Last week, Defense Secretary Leon Panetta was on Capitol Hill telling Congress that the Pentagon can’t afford deep budget cuts by the congressional supercommittee. He found a receptive audience with the House Armed Services Committee, whose chair is also dismayed that curtailing federal spending would require cuts to the Pentagon. Military contractors have hundreds of paid lobbyists working against deficit reduction measures that would affect their financial interests.
What does all this mean? It means your lobbying is making a difference. Members of Congress are hearing from people like you that the Pentagon budget is too big, too bloated and too unaccountable to leave off the table when budgets need to be cut back. Some of the Occupy Wall Street protesters throughout the country are also vocal on these issues.
Next week, the Senate is out of session, and many senators will be back home for the break. This week, please make a plan to get in touch with your senators, or their offices, while they are home.
Protests covered in the media can help, but your lobbying as a constituent for cuts to Pentagon spending continues to be crucial. The congressional supercommittee will make its report to Congress by November 23, and then the full Congress will need to vote on this proposal by December 23. If the Pentagon budget is to be cut significantly, your members of Congress need to continue to see the support this issue has from you and others in your community.

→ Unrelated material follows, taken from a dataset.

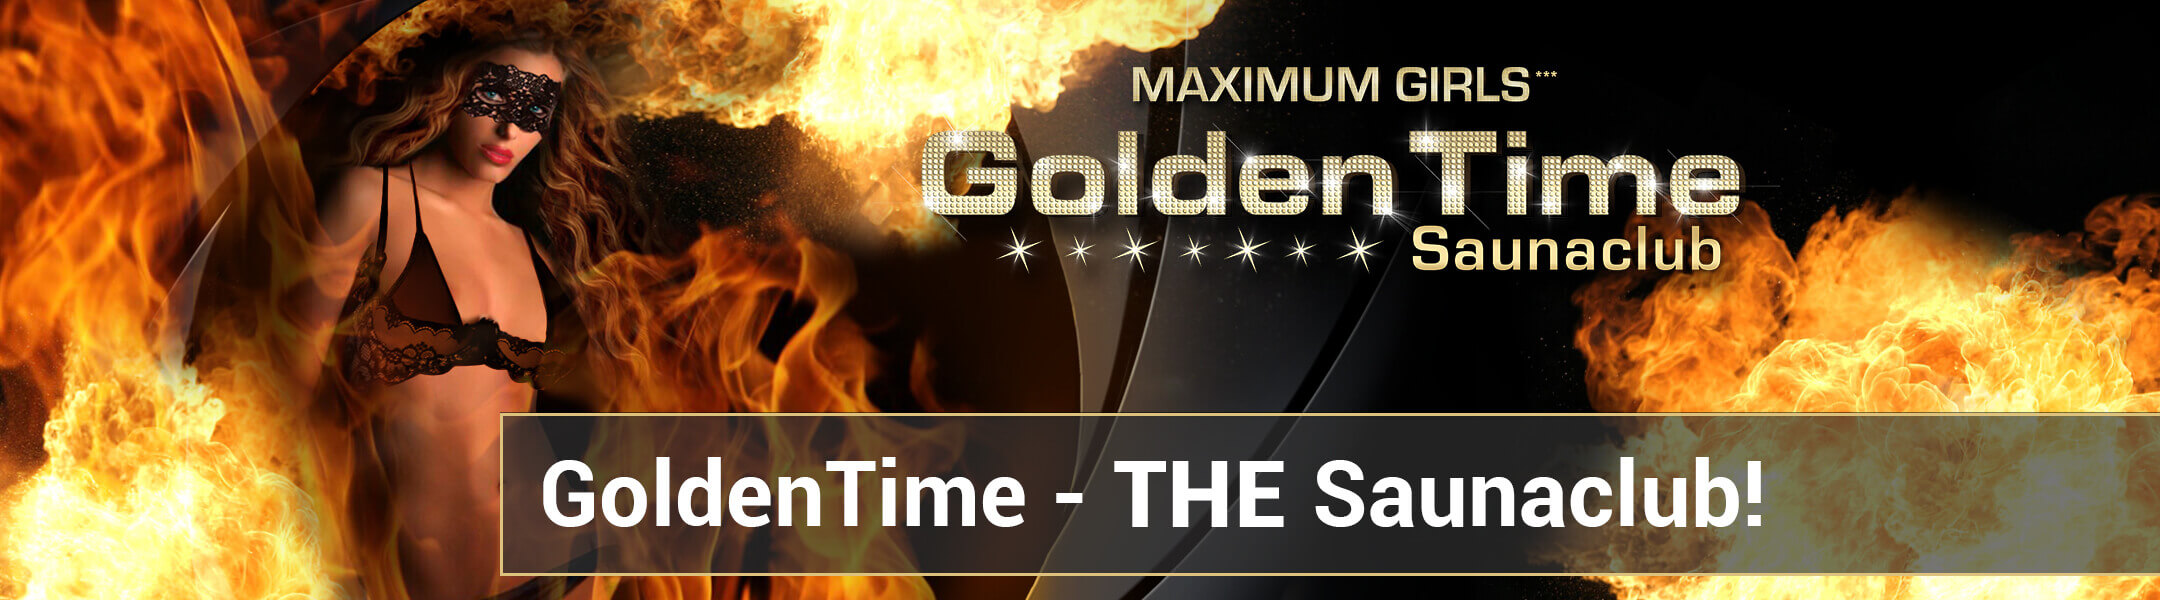 GoldenTime - THE Nudist Saunaclub

Here are the steps we’d like you to take:
Print out a copy of the Sustainable Defense Task Force report.
Write a personal note that tells your senator why you want to give her or him a copy of this report.
Look up the location of your senator’s nearest office to you on our website. Put in your calendar a date and time you could drop by this office with the copy of the report.
When you visit the office, let the receptionist know that you are a constituent. Ask for a couple of minutes of time from a staff member who will carry your concern to the elected member and leave the report, along with your note.
Let us know how your visit went!
If you have the time, please consider trying to organize an appointment with your senator over the recess. We have advice and fact sheets on how to make your visit and what specific points you might use on our website or contact the FCNL office for more information.
Your emails and letters are important and can be influential, but surveys of congressional staff consistently show that the most effective way to influence your member of Congress is through an in person visit to his or her office.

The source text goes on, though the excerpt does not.